I snorted, sheathing my sword as Joan brushed dust from her armor. Off to my right was the star Tau Ceti, where another dozen or so ascended Puellae Magi were zipping around the asteroids and space dust, flexing their powers. Some of them I recognized: Cleopatra (yes, that Cleopatra), an American who went by Annie Oakley, Queen Himiko, and a young pink-haired French girl named Charlotte David (pronounced Dah-veed, to those who were wondering).
Joan got along well with Charlotte, despite Charlotte declaring herself an agnostic. Every once and a while they would get into these deep discussions about philosophy. I kind of excused myself from them when that happened.
I, surprisingly, got along with her, too, even after I discovered that she was the Puella Magi that would, in another timeline, transform into the witch that killed Mami. She was deeply apologetic about what she had done—Could have done? Would have done? Blah!—and was doing her best to be friendly to me as a surrogate for Mami. Knowing firsthand the horrifying things you could do as a Witch, I decided rocks and glass houses were for the birds and did my best to be nice.
Wasn't hard, all things considered. The only thing that bothered me in a tiny, tiny way was how much she loved her sweets, cheesecakes in particular. I did have to admit she could make a killer soufflé, though.
After the scuffle with the Incubators a month ago, if you counted time as it passed normally, I'd gathered some of the Puellae Magi who were interesting in returning to the physical universe. We were testing out our abilities, learning our upper limits. I think I was getting a handle on the max power I could safely call on without blowing chunks out of planet's crust, but we still had a lot of ground to cover.
"Hmm," I heard Annie say as she floated to a stop next to me. "Sayaka, I think I see someone, over that way." She pointed.
I squinted off into the distance while I extended my power to try to touch on whatever the American had seen. She had sharp senses, much more acute than mine.

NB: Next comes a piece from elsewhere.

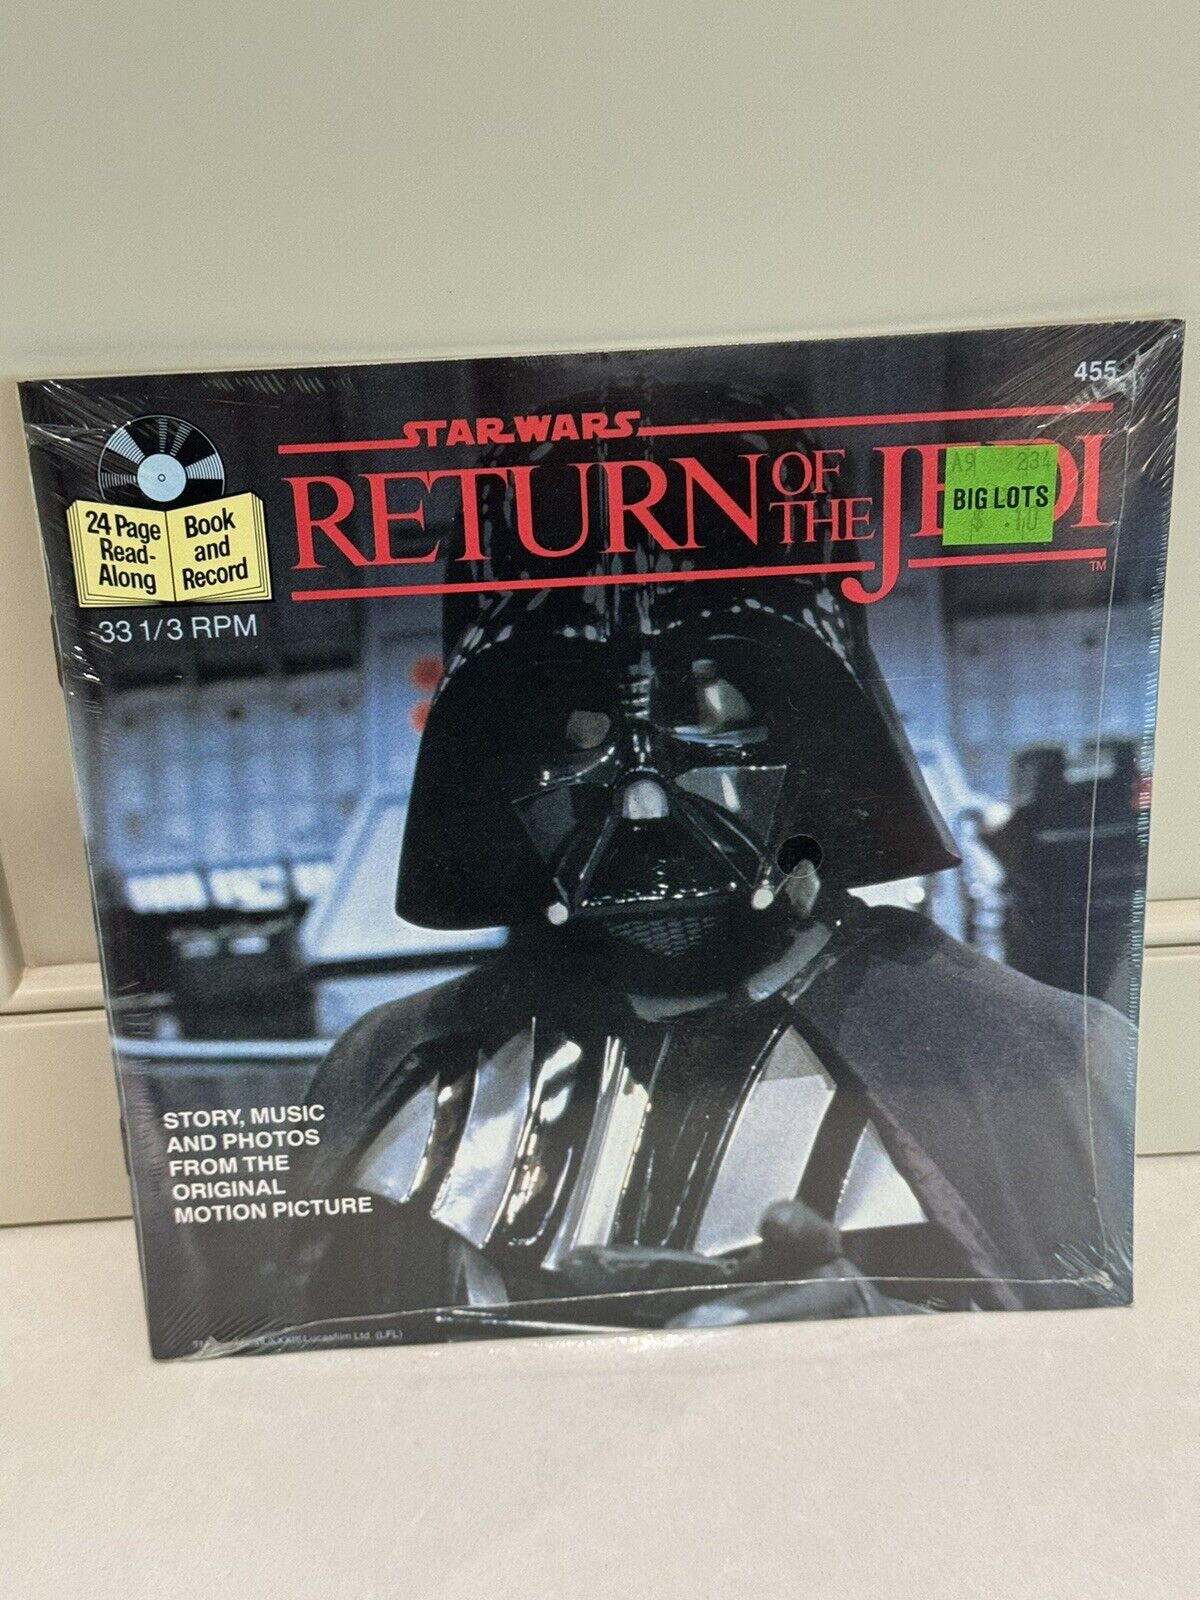 Star Wars Return of the Jedi Read-Along Book & Record Sealed NEW From 1983 Rare

I strained more, then suddenly touched a familiar presence.
"Oh, him again," Charlotte sniffed from behind me, also identifying the person. "I do not like him. He is indecently glib."
I turned to the younger girl, an eyebrow raised. "Hey, be nice. Wasn't for him, we wouldn't have learned to do any of this stuff. Not for a long time, at least."
Charlotte sniffed again and zipped off. I turned to Joan.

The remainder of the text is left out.